The estate includes all property of the Debtor(s), including any later to be set off as exempt. § 541(a)(1). After the property comes into the estate, then a debt- or is permitted to exempt it, free from administrative expenses not related to avoidance of liens or transfers. See H.R. Rep. No. 95-595, 95th Cong., 1st Sess. 368 (1977), U.S.Code Cong. & Admin.News 1978, p. 5787; Bkr-L Ed. § 82:17, Page 380; and 11 U.S.C. § 522(k).

Hence, all property of the estate is in custodia legis “wherever located,” as of the commencement of the case, and cannot be removed until the court determines whether it is exempt property. When such a determination has been made, the exemption removal would likewise be effective as of the commencement of the ease.

Contrary to the position urged in behalf of the Debtor(s), the conclusion is inescapable that the motor vehicle disposed of prior to the § 341 meeting was property of the estate and subject to surrender to the Trustee. The case precedents cited which antedate the enactment of the Bankruptcy Code on November 6, 1978, repealing Section 70 of the Bankruptcy Act and overruling Lockwood v. Exchange Bank, 190 U.S. 294, 23 S.Ct. 751, 47 L.Ed. 1061 (1903) and Lines v. Frederick, 400 U.S. 18, 91 S.Ct. 113, 27 L.Ed.2d 124 (1970), are no longer pertinent.

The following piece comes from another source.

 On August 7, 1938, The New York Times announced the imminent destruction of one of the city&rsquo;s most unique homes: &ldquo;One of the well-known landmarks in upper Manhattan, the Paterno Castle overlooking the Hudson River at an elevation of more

The defalcations in duties by the Debtor, nevertheless, do not necessarily constitute a “waiver” of an allowable exemption existing on the date of the commencement of the ease. There is no evidence of record to attribute bad faith, fraudulent conduct, or an attempt to withhold estate property from the Trustee, distinguishing the facts from prior decisions of this Court such as in Matter of Howard, (1980), 6 B.R. 220, 6 B.C.D. 1011.

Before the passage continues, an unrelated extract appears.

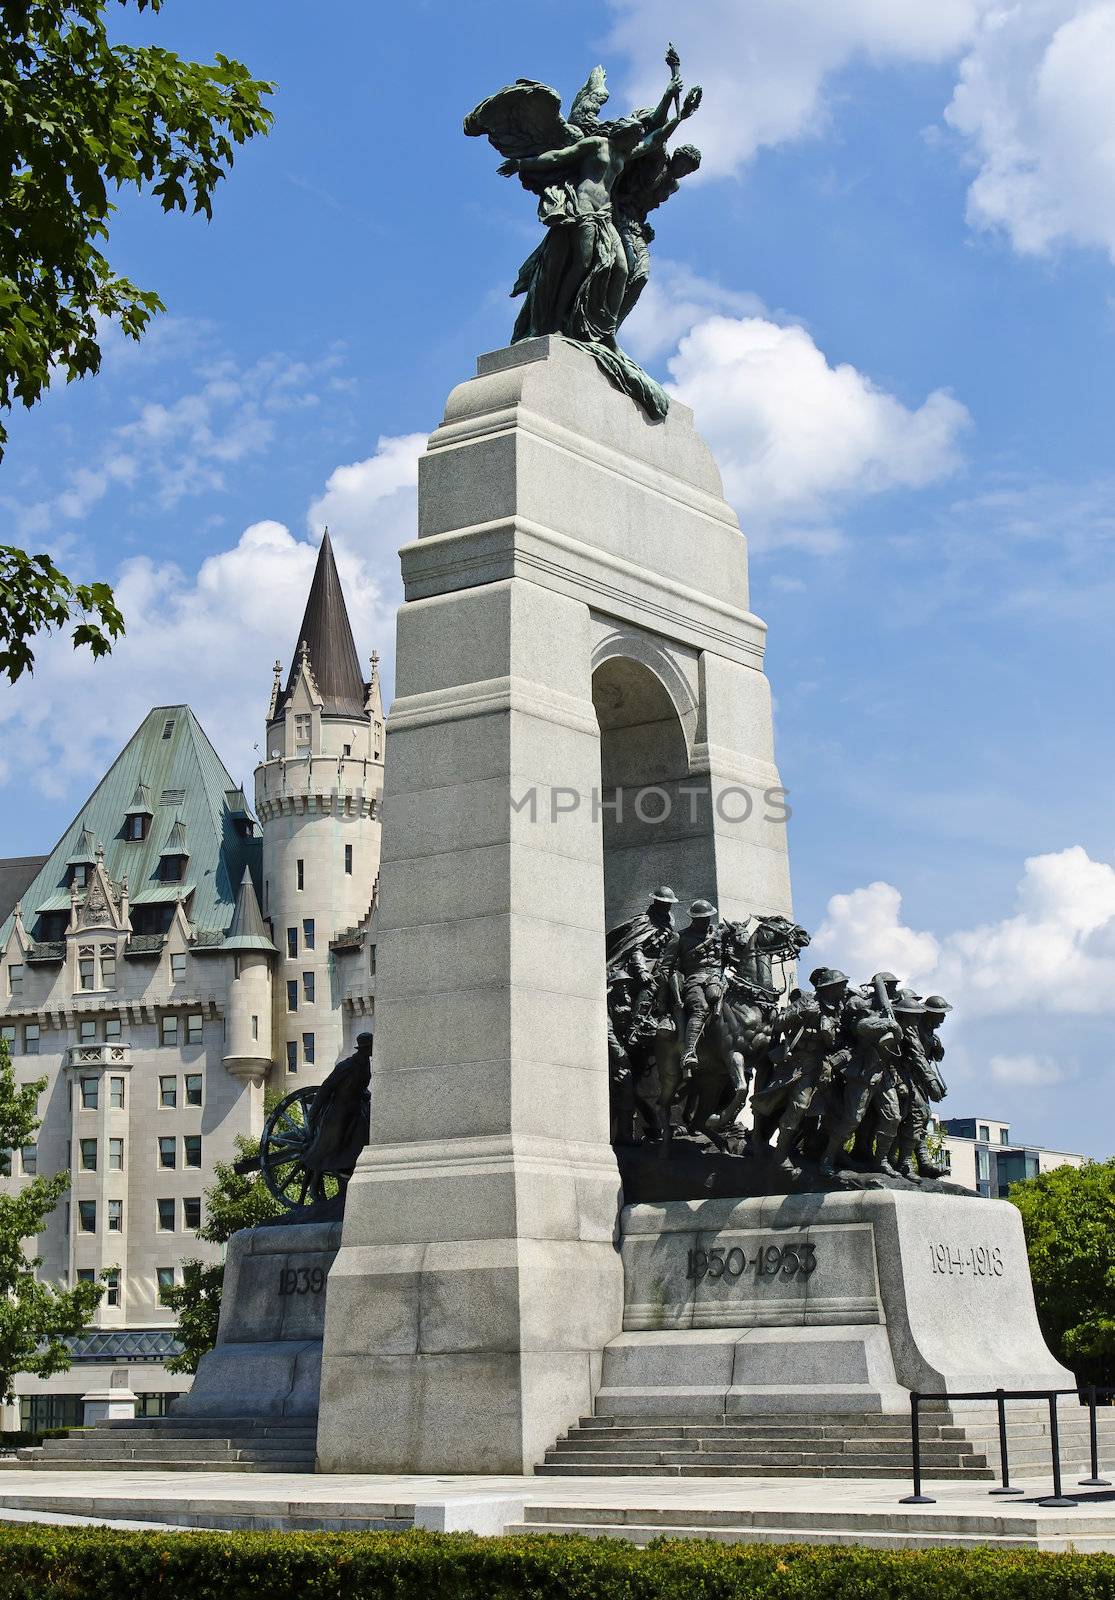 The National War Memorial (also known as The Response), is a granite cenotaph with bronze sculptures, that stands in Confederation Square, Ottawa, Canada and serves as the federal war memorial for Canada.

*314There is no doubt that the court would have set off as exempt a motor vehicle, not to exceed the allowance of $1,000.00. Inasmuch as permitting the Debtor to withdraw such an exemption would be retroactive to the date of filing, the only problem confronting the Trustee is the value of the vehicle claimed as exempt. The Trustee represented that his investigation would indicate the vehicle to be worth $1,425.00, although he was prevented from taking possession, or even inspecting the property. The Debtor represented his valuation was less than $1,000.00.

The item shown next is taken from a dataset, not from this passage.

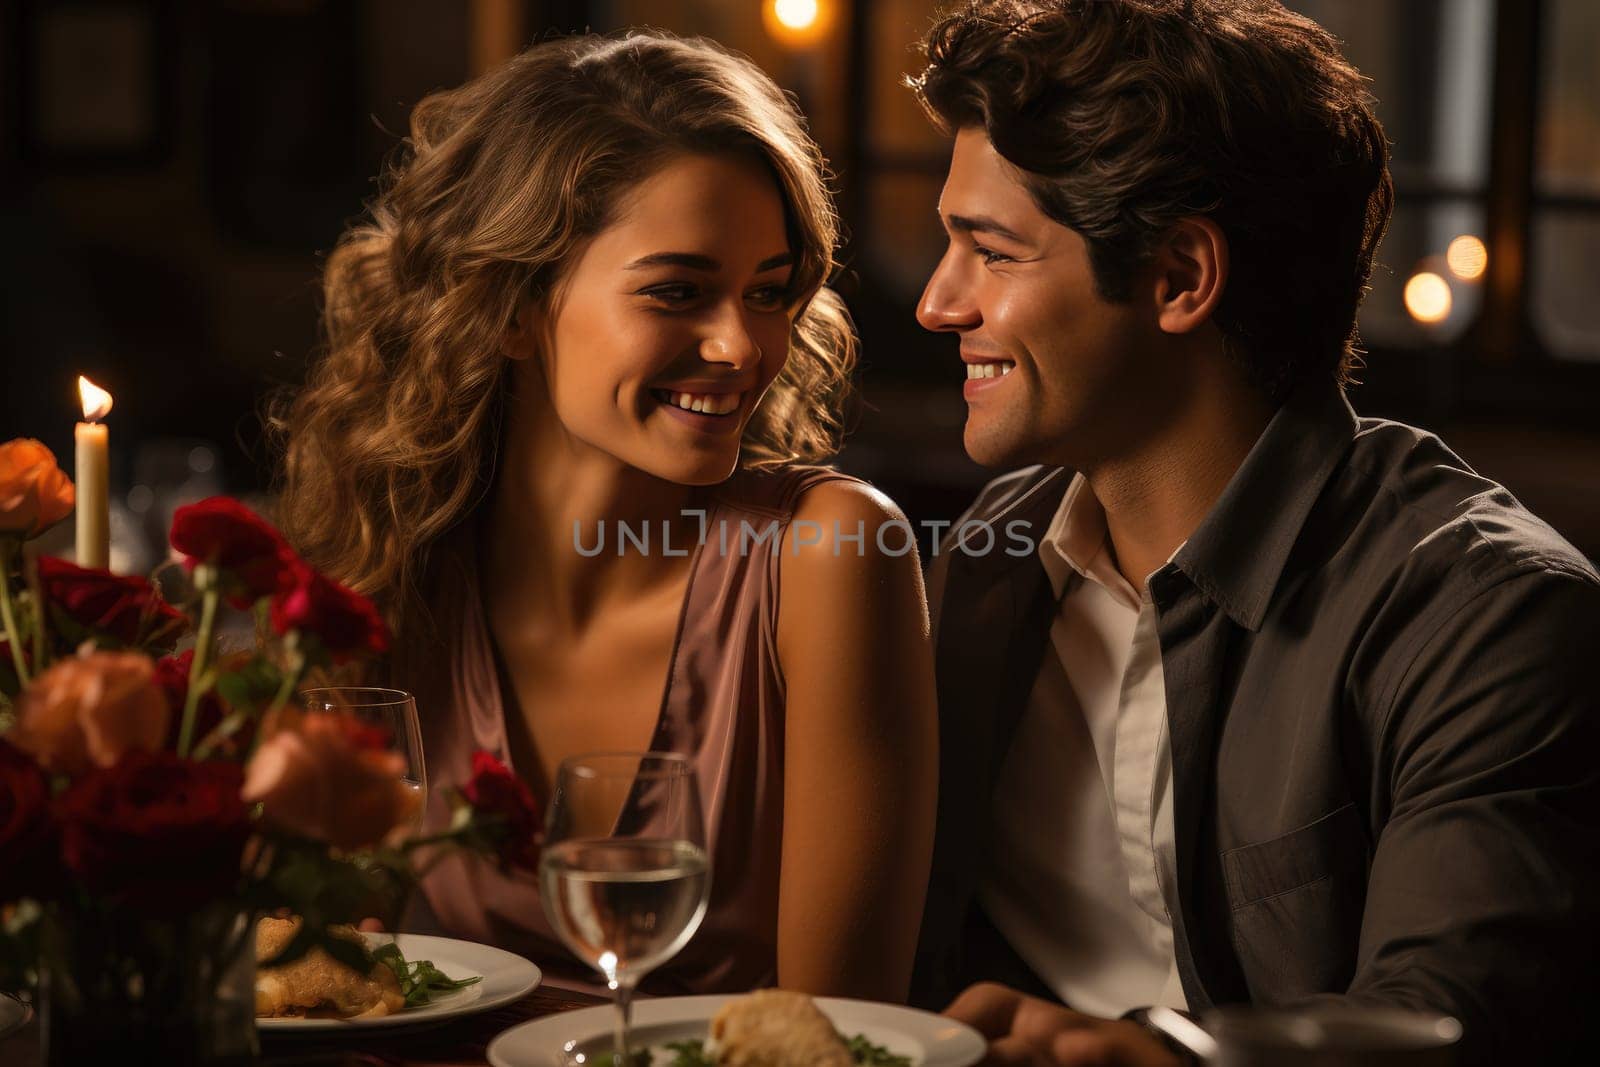 Source of Happiness: A Woman Throws a Romantic Valentine's Day Dinner for Her Husband by Yurich32

It is the conclusion of the court that, even though the claimed exemption cannot be deemed waived by the improper disposition by the Debtor, the burden of proof lies with Debtor to establish by competent evidence to the satisfaction of the Trustee he does not owe the sum of $425.00 to the estate.

The claim of exemption in the motor vehicle purchased after the bankruptcy case filing is irrelevant to the instant issues because the vehicle is not a part of the estate and non-exempt property cannot be changed to exempt property after the commencement of the case. See Matter of Blue, (1980), 5 B.R. 723, 8 C.B.C.2d 4.